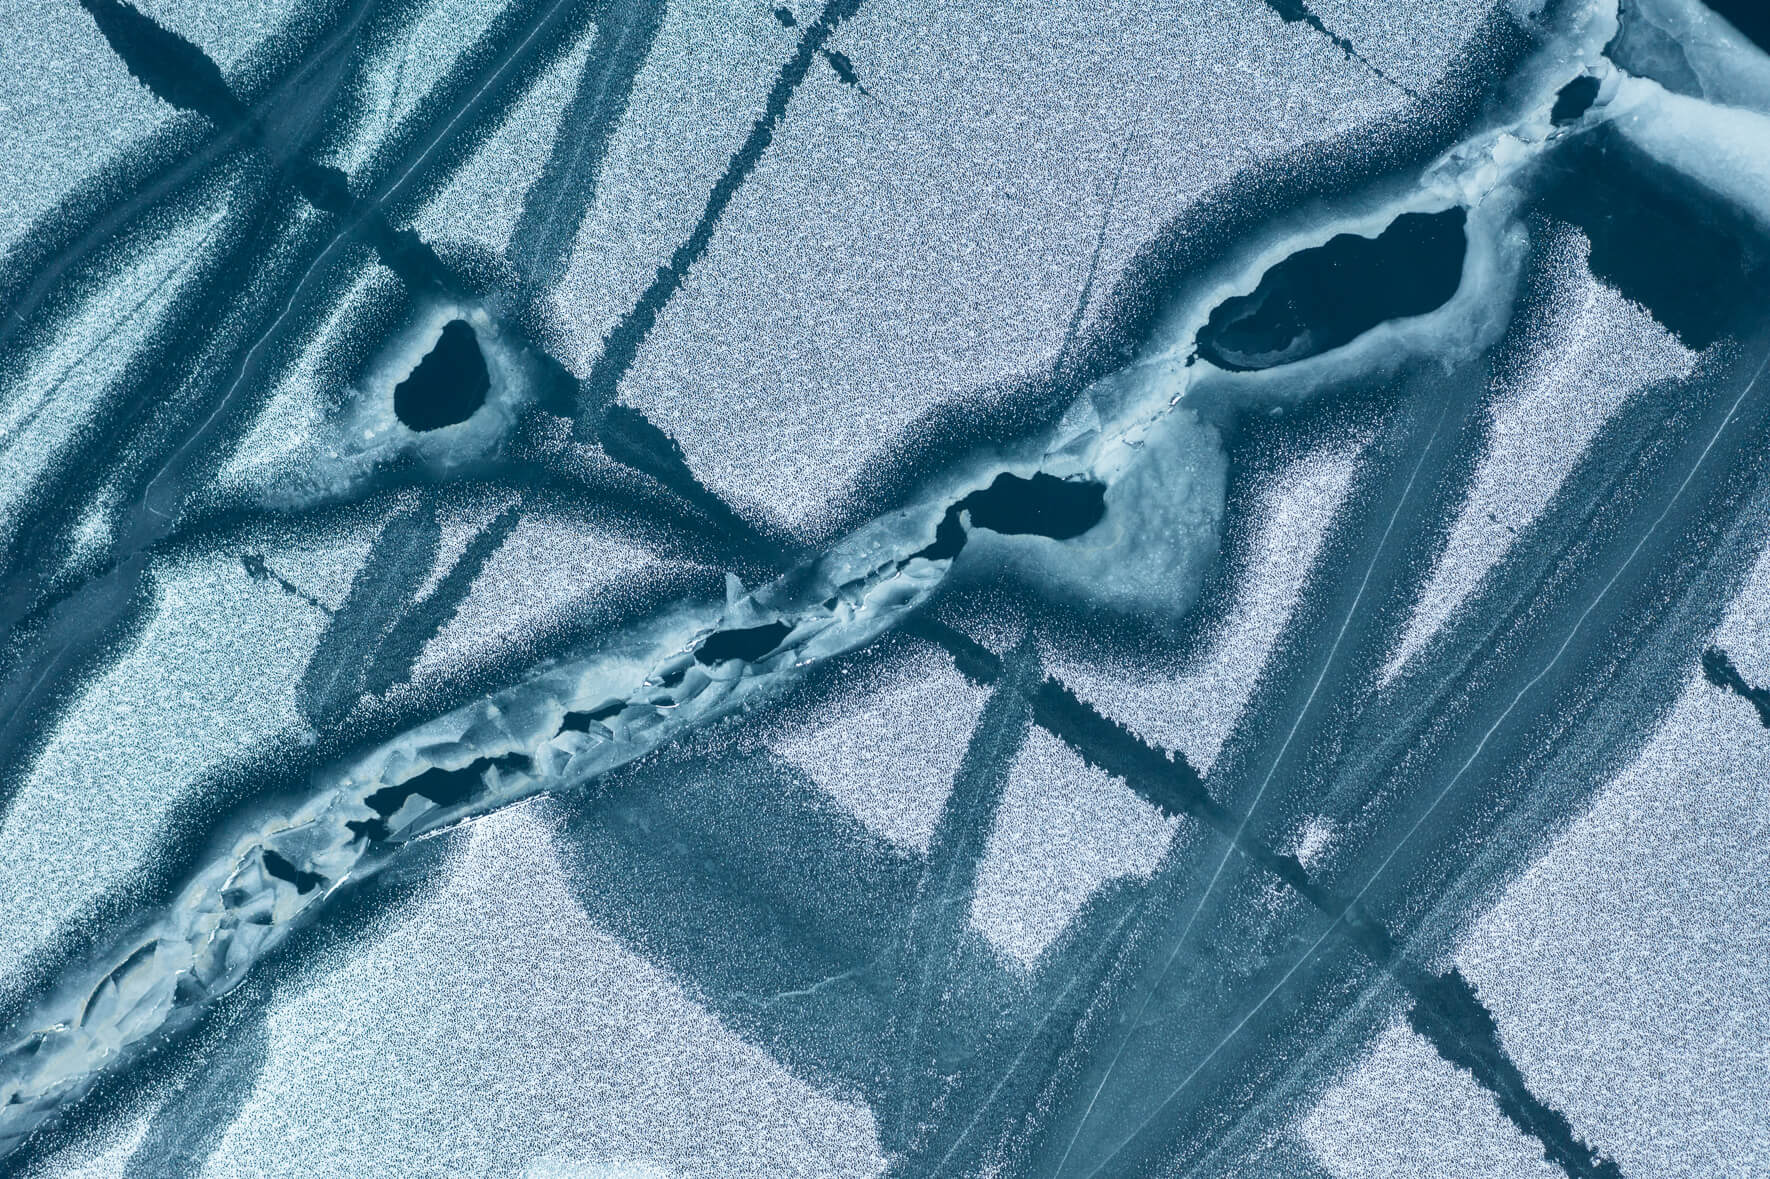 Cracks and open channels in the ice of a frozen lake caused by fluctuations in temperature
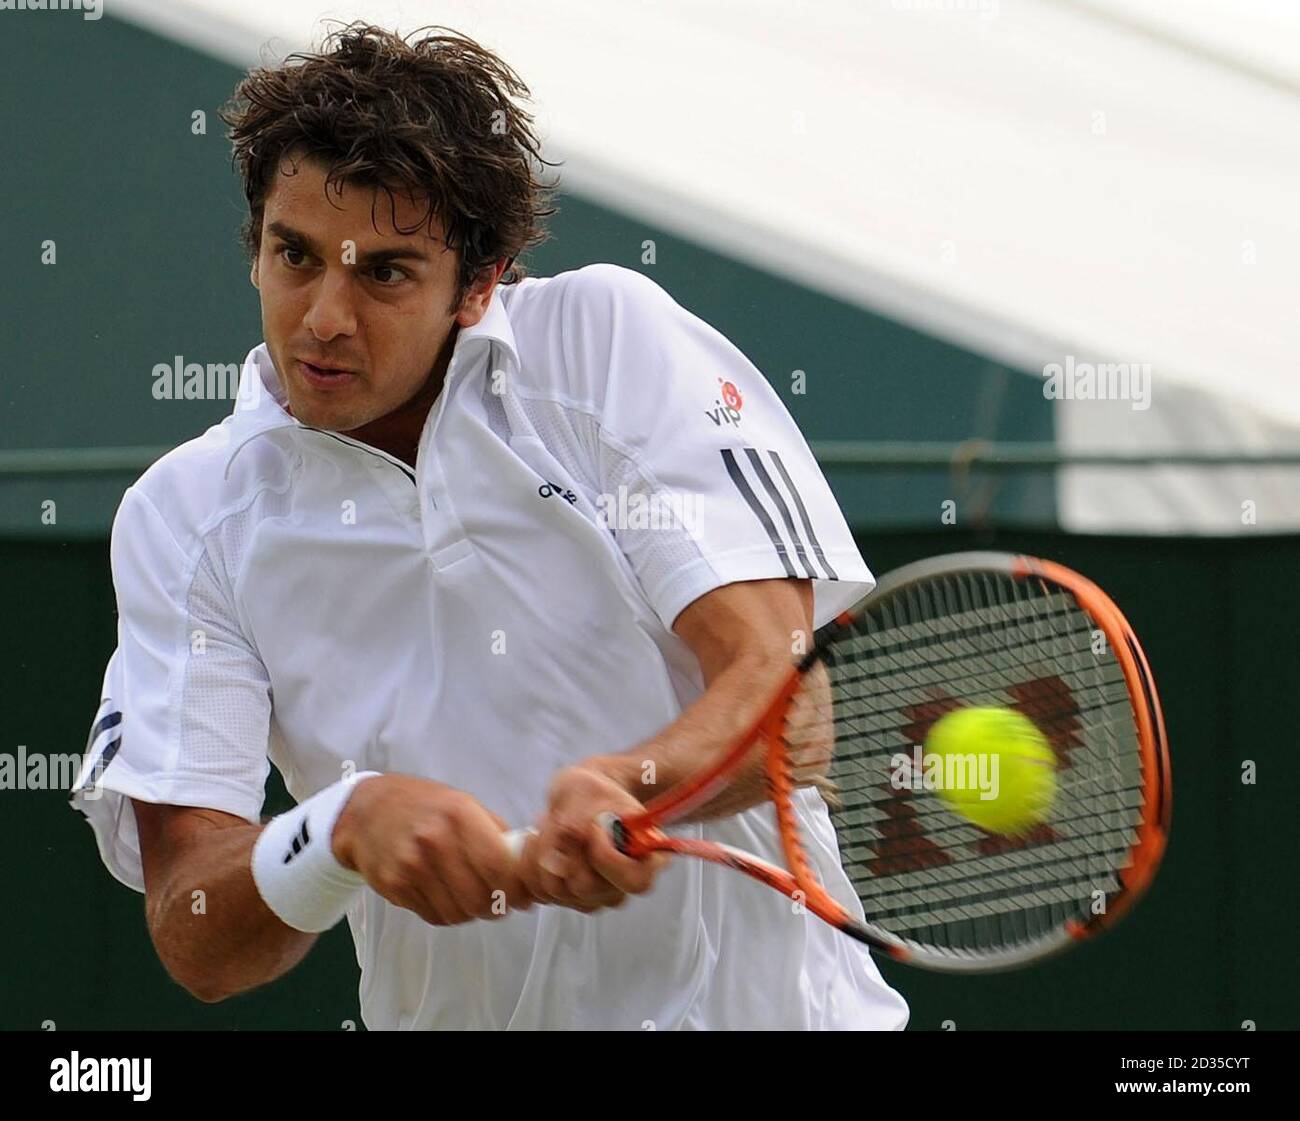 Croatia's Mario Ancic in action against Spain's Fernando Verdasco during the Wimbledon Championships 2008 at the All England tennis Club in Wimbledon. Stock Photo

* * *

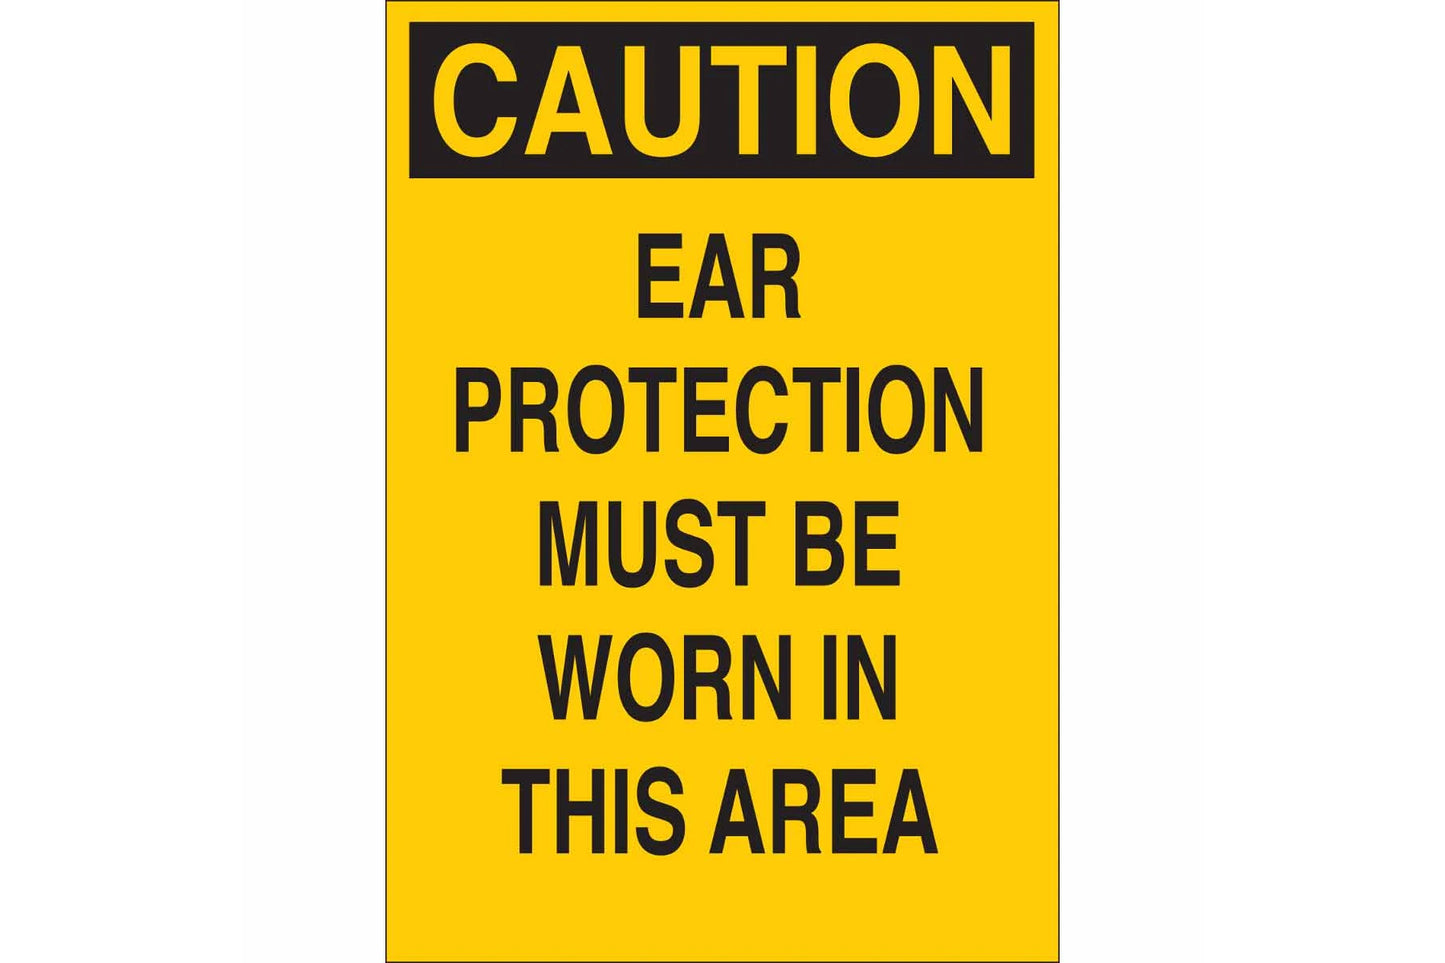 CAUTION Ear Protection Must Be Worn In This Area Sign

### ACTION ITEM
Between and including the line with "Cracks and open" and the line with "Croatia's Mario Ancic", repeat every line exactly as it appears above, with pictures left out.

### FINISHED EXERCISE
 Cracks and open channels in the ice of a frozen lake caused by fluctuations in temperature
 Croatia's Mario Ancic in action against Spain's Fernando Verdasco during the Wimbledon Championships 2008 at the All England tennis Club in Wimbledon. Stock Photo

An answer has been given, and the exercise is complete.